Evolutionary transitions in bacterial symbiosis

Abstract

Diverse bacterial lineages form beneficial infections with eukaryotic hosts. The origins, evolution, and breakdown of these mutualisms represent important evolutionary transitions. To examine these key events, we synthesize data from diverse interactions between bacteria and eukaryote hosts. Five evolutionary transitions are investigated, including the origins of bacterial associations with eukaryotes, the origins and subsequent stable maintenance of bacterial mutualism with hosts, the capture of beneficial symbionts via the evolution of strict vertical transmission within host lineages, and the evolutionary breakdown of bacterial mutualism. Each of these transitions has occurred many times in the history of bacterial-eukaryote symbiosis.
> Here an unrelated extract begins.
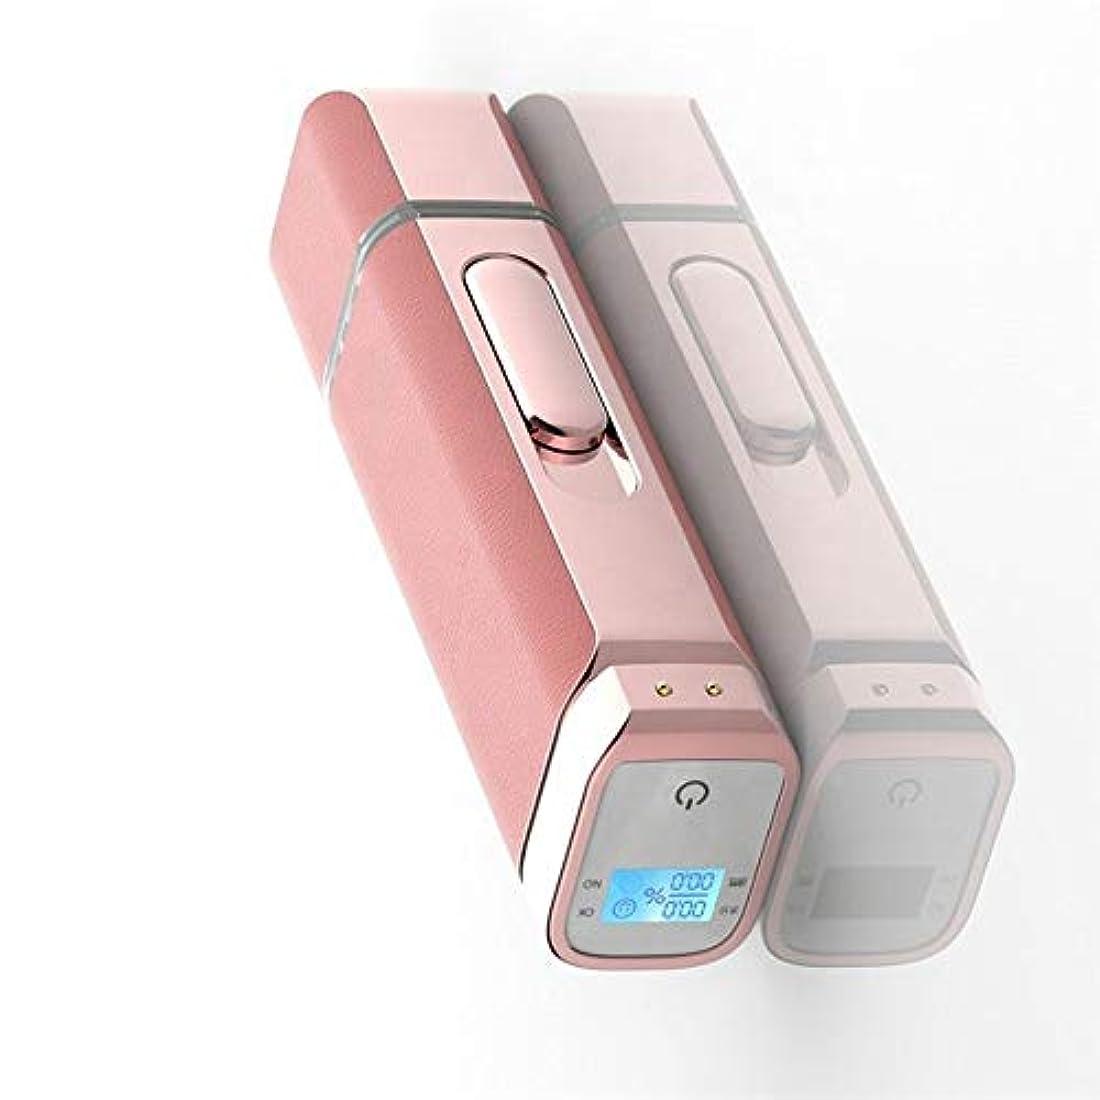 そのようなスライス郵便番号肌の水分テスターと顔のナノミスト噴霧器、アトマイゼーションフェイススチーマーディープモイスチャライジングブラックヘッドアクネスージングサロン用フェイシャルポータブルフェイシャルスプレー (Color : ピンク)
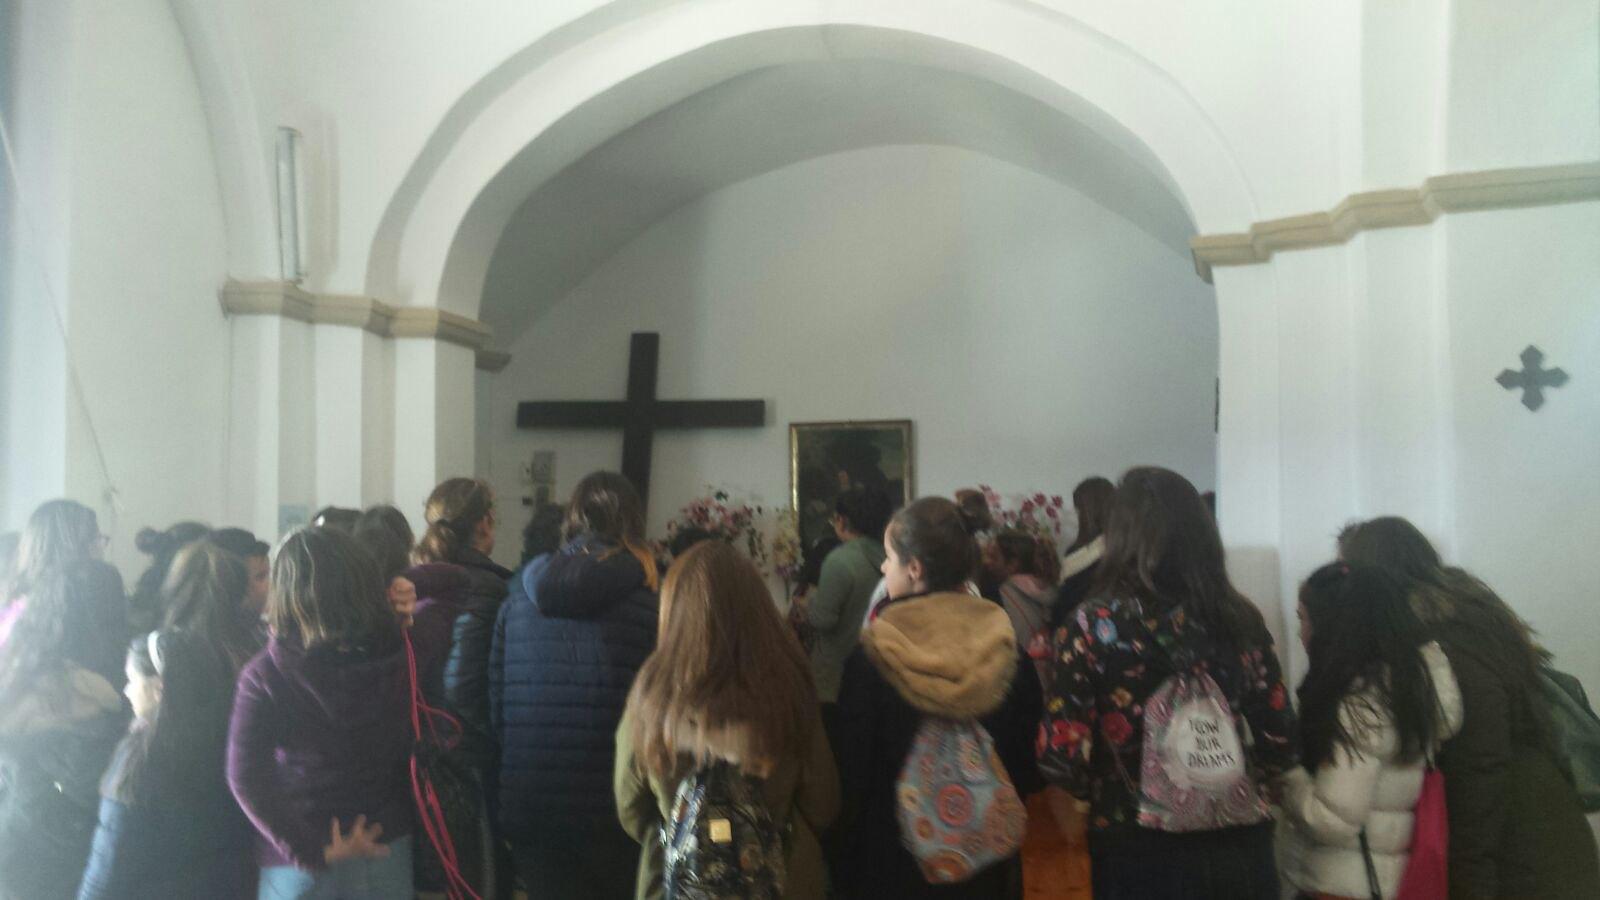 (2018-03-19) - Visita ermita alumnos Yolada-Pilar,6º, Virrey Poveda-9 de Octubre - Maria Isabel Berenquer Brotons - (05)

We investigate these evolutionary events across the bacterial domain and also among a focal set of well studied bacterial mutualist lineages. Subsequently, we generate a framework for examining evolutionary transitions in bacterial symbiosis and test hypotheses about the selective, ecological, and genomic forces that shape these events.

Fig. 1.

Inferred evolutionary history of bacterial host association. Ancestral states are inferred on a domain-level bacterial phylogeny modified from a previous study (9). Fig. S1 and Table S1 provide taxon labels. The tree is a maximum likelihood reconstruction of a concatenated set of 31 single-copy genes from 350 bacterial species chosen to optimize phylogenetic sampling. Phyla and proteobacterial classes are labeled with their full names (e.g., Gammaproteobacteria; Firmicutes) or single-letter abbreviations (a, Acidobacteria; d, Defferribacteres; q, Aquificae; e, Elusimicrobia; v, Verrucomicrobia; p, Planctomycetes). Branch colors represent host-associated traits on the tips of the tree and inferred states on ancestral nodes (black, environmental; blue, commensal; green, mutualist; red, parasite). Host association traits were obtained from a prior review (4). We inferred a minimum of 42 origins of host-association (labeled 1–42). Origins at five nodes had equivocal parsimony reconstructions, noted with asterisks. Equivocal ancestral states are represented by blended branch colors (brown, environmental or parasite; purple, parasite or commensal; yellow, parasite or mutualist). Additional origins are equally parsimonious at these nodes and provide an upper bound for global origins at 52. (Adapted from ref. .)

Fig. 2.

Symbiont housing structures and their potential to promote spatial structure. (A) Host Ascidian Diplosoma spp. and symbiont Prochloron spp. unstructured in host cloacal cavity (Reprinted from ref. 28). (B) Host hydrothermal tubeworm Riftia pachyptila with symbiont Endoriftia persephone (s, red) unstructured in host trophosome (Reprinted from ref. 21). (C) Antenna of host beewolf Philanthus triangulum with symbiont Streptomyces (ws, red) housed in structured serial antennomere reservoirs (cross-section above; longitudinal section below) (Reprinted from ref. 23). (D). Four-chambered midgut of host stinkbug Dimorphopterus pallipes with symbiont Burkholderia spp. (s) housed in structured crypts of fourth midgut section (m4) (Reprinted from ref. 79). (E) Juvenile squid host Euprymna scolopes during colonization by symbiont V. fischeri, housed in structured deep crypts (dc; Adapted from ref. .) (F) Host mouse small intestine and symbiont B. thetaiotaomicron (blue capsules) in structured crypts of Lieberkuhn (c) based with Paneth cells (p) (Adapted from ref. 24). (G) Dorsal cross-section of host ant Cyphomyrmex longiscapus with Actinomyces symbionts (s) housed in structured crypts (Reprinted from ref. 19). (H) Host legume Lotus strigosus with symbiont Bradyrhizobium japonicum structured in four numbered nodules (photo by J. L. Sachs).

Fig. 3.

Path diagram of evolutionary transitions among bacterial host-association types. Transitions among four bacterial host-association types inferred in the tree by Wu and colleagues (9) using lifestyle data from Toft and Anderson (4). Com., commensal; Env., environmental; Mut., mutualist; Par., parasite. Thirteen transitions were undetermined on the tree as a result of ambiguity. There were zero transitions between mutualism and commensalism and zero transitions from commensalism to parasitism. Arrow sizes are scaled to the number of transitions between host-association types.